Re: Capital: Misha/Damian/Jason
His first thought was that he ought to have brought a gun. Anything. Something small. So that he might shoot their interloper where he stood, interloping. His second was that he was experiencing a surreal, foreign mix of something that boiled close to embarrassment (mortification?) and snapping sense of not having to care what others thought, which brought him to an uneven middle ground. There was color to dark cheeks, yes, but that could have been from other actions, rather than Woods. Fucking Woods.—Perhaps Misha found this intrusion sweet. Damian did not. He opened his mouth to say something, just as Woods told him he had tracked him by his phone.
He was so stupid. Whenever he went anywhere, Damian had enough forethought to either discard his phone and employ a burner, or to turn off the location services, so that he might be able to do what he wished in peace, especially if what he wished involved a certain level of illegality.
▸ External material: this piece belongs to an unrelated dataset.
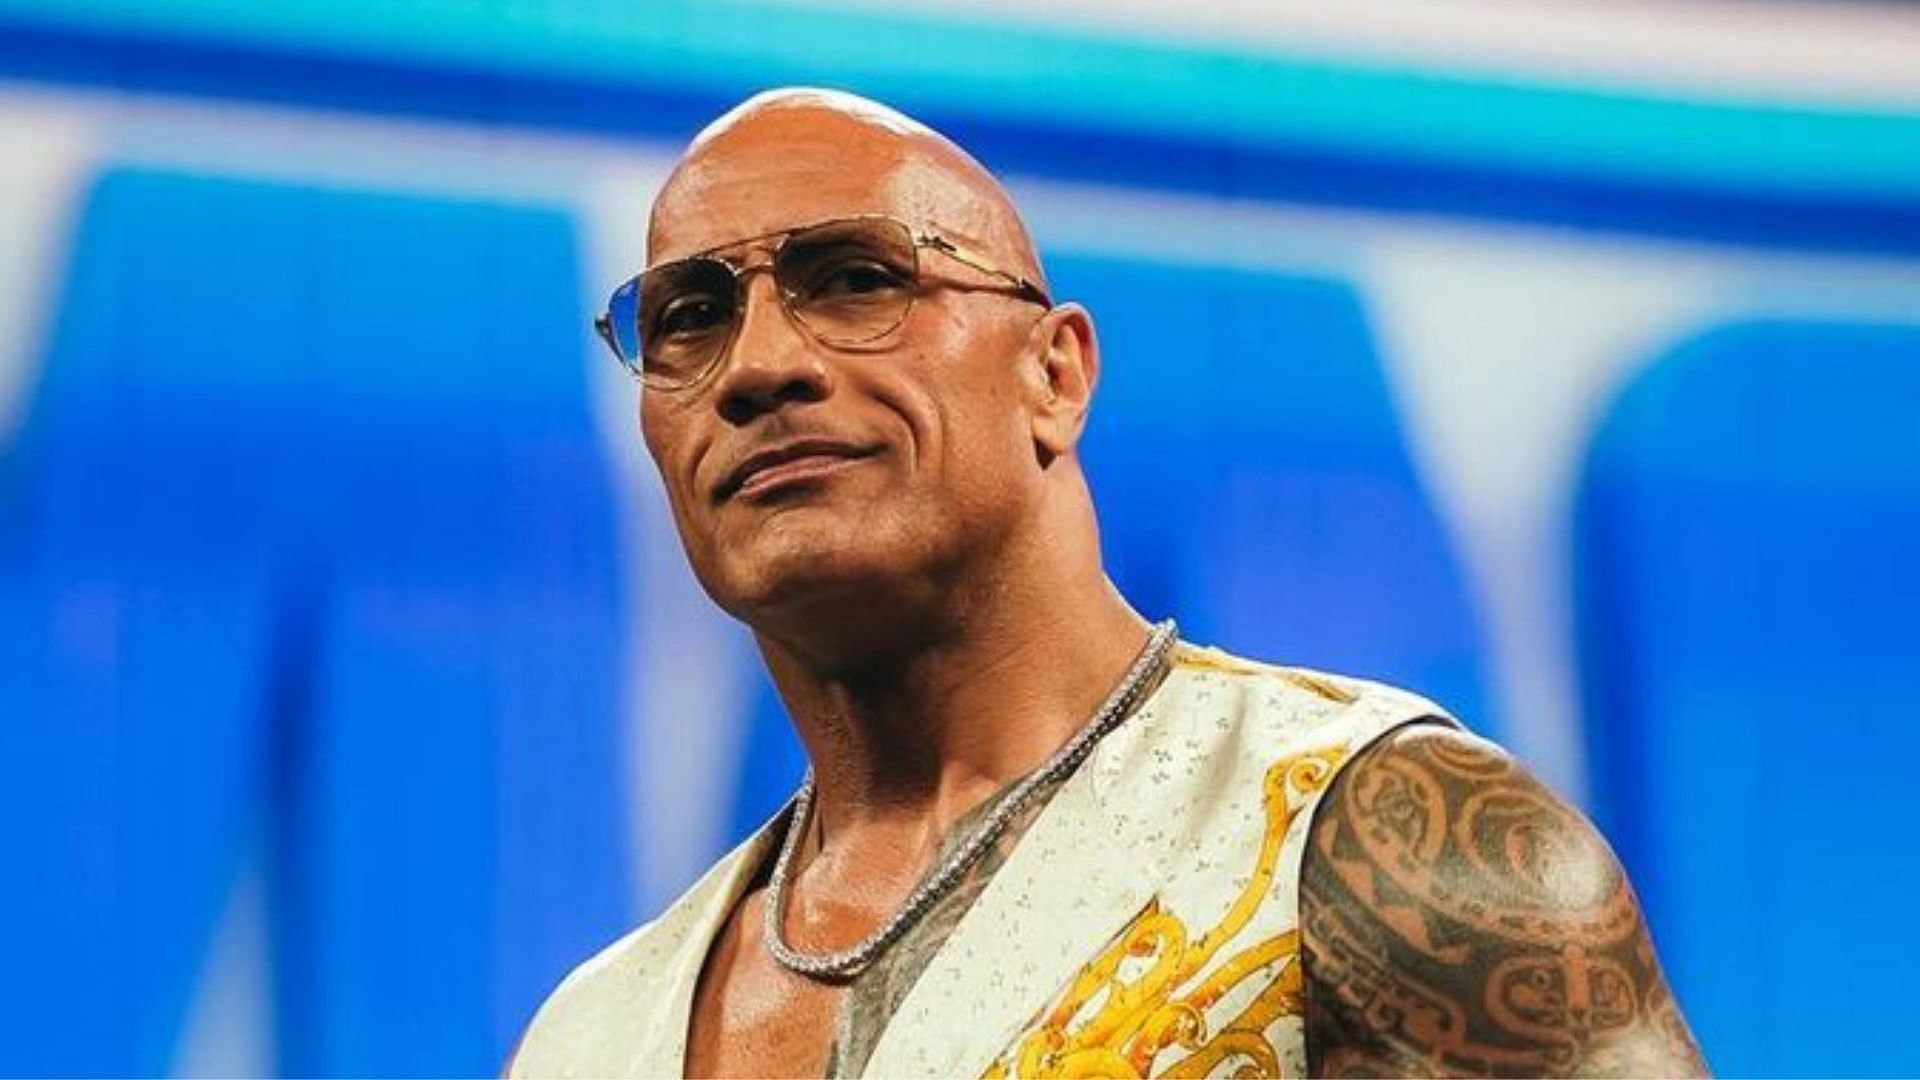 The Rock is set to appear on SmackDown (Credit: WWE)

This was not illegal. But, it was annoying all the same, and the only person Damian could truly blame was himself.—His expression was wiped to nothing but a slight ruffle of irritation and derision, and he rolled his eyes at Woods. "Am I meant to thank you, Woods?"—Even through all of this, he was still very much aware of Misha's reaction, however, the way the boy attempted to come between the men (as if Damian could not hold his own; but he knew this was Misha's way. He was a guardian angel, after all). He felt the touch to his hip, the soft, nearly imperceptible sound of feathers on the air, and even the wariness in angelic voice, before everything came together.
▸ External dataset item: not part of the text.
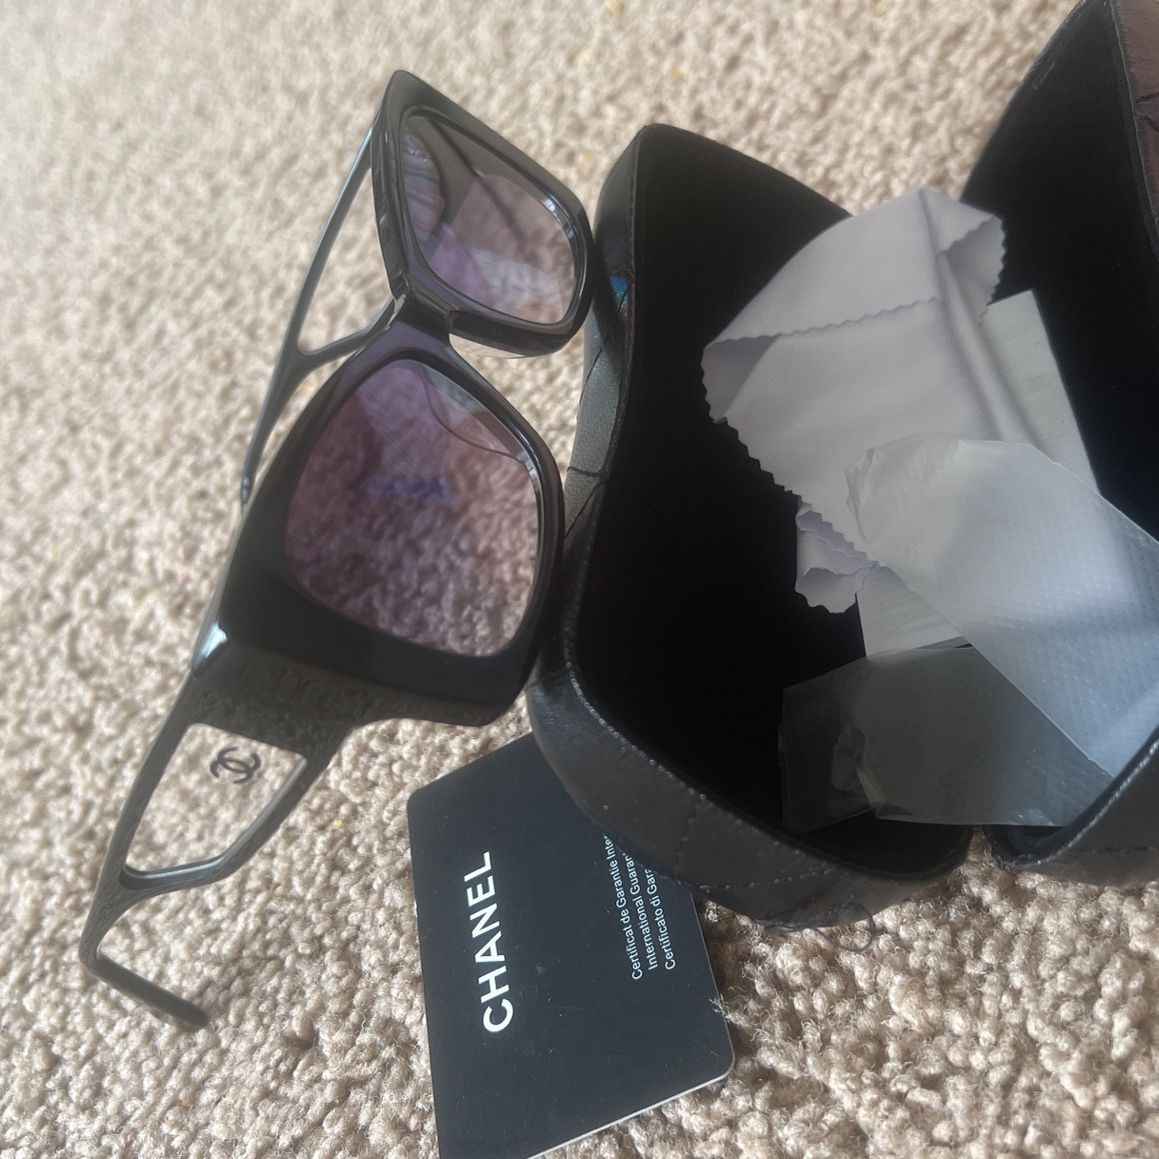 CHANEL Sunglasses for Women for sale

Misha smiled over his shoulder and Damian glared back, a concrete wall of coldness between the man and everything and everyone else. Notably, however, he did not step away from the boy. He was there, close as he had been, and he took the pale hand that sought his, almost as if by instinct. He knew he could not undo what Woods had seen. He did not know that he particularly wanted to. In fact, Damian did not know what he wanted at all, in that moment, other than to shoot Woods in the skull. Even the impulse behind that was beyond him just now. With a yearning that felt like nicotine withdrawal, Damian wished for his hoodie. He would have pulled the hood up just now. But, he did not have it and wishing for things one did not, and could not have, was illogical and stupid.
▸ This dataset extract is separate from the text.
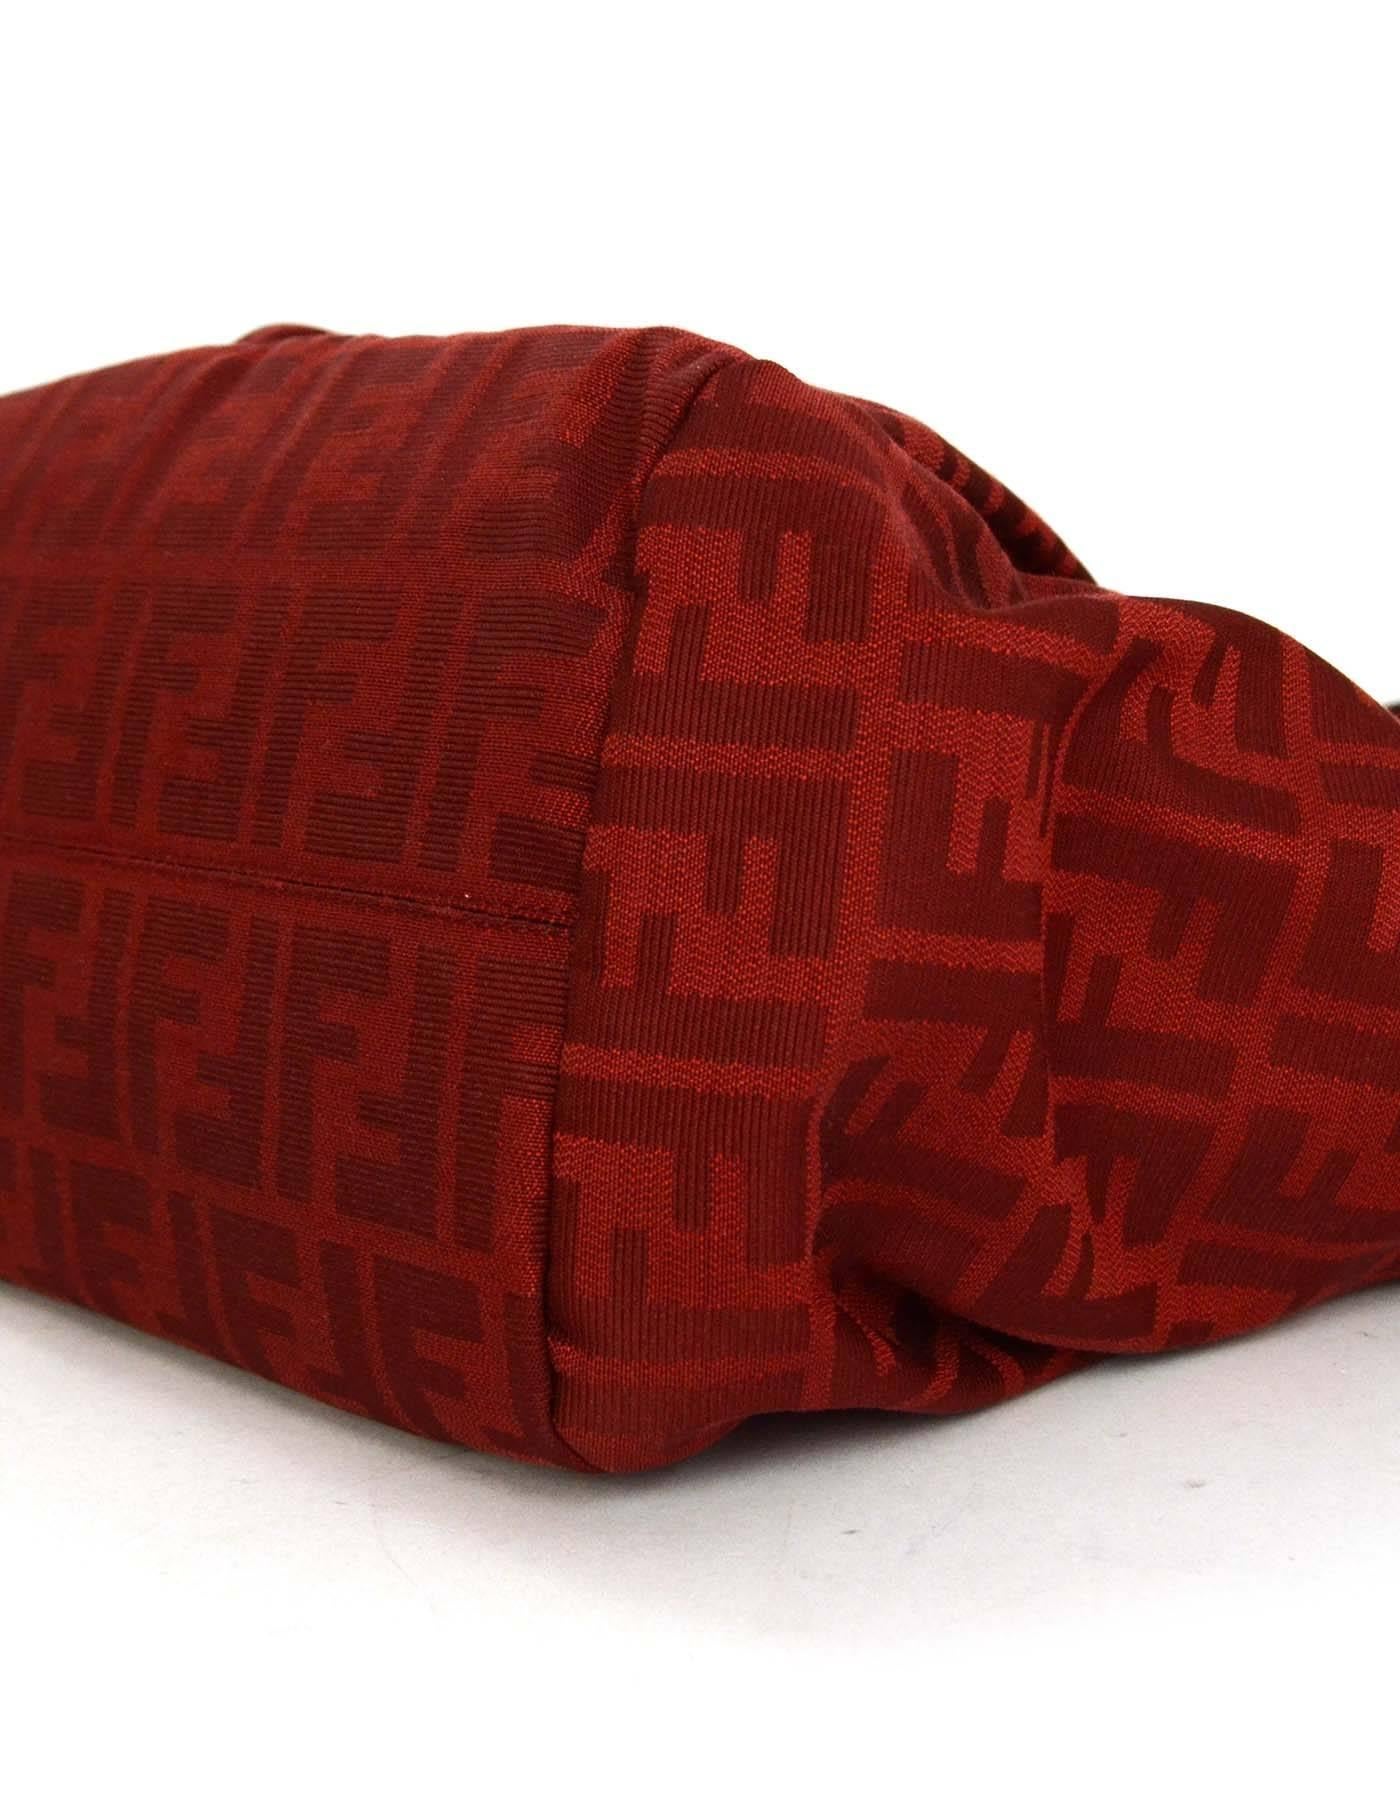 Fendi Red Leather & Zucca Print Canvas Bag GHW 1

"Why are you smiling like that?" He asked Woods testily, though he knew the answer. To Misha, he huffed. With his free hand, he took out his phone, wiped it, tossed it to the ground, and—with a slight pull on fingers—stomped the device to nothing under one black sneaker and several metric pounds of force. He looked back to Woods, then Misha, his chin up with stubbornness. "Just go in, if we are going in, so that we may be done with this so-called conversation." Damian had his claws out and he did not even know why. He turned toward Misha once more and told him, "I am going to order a drink."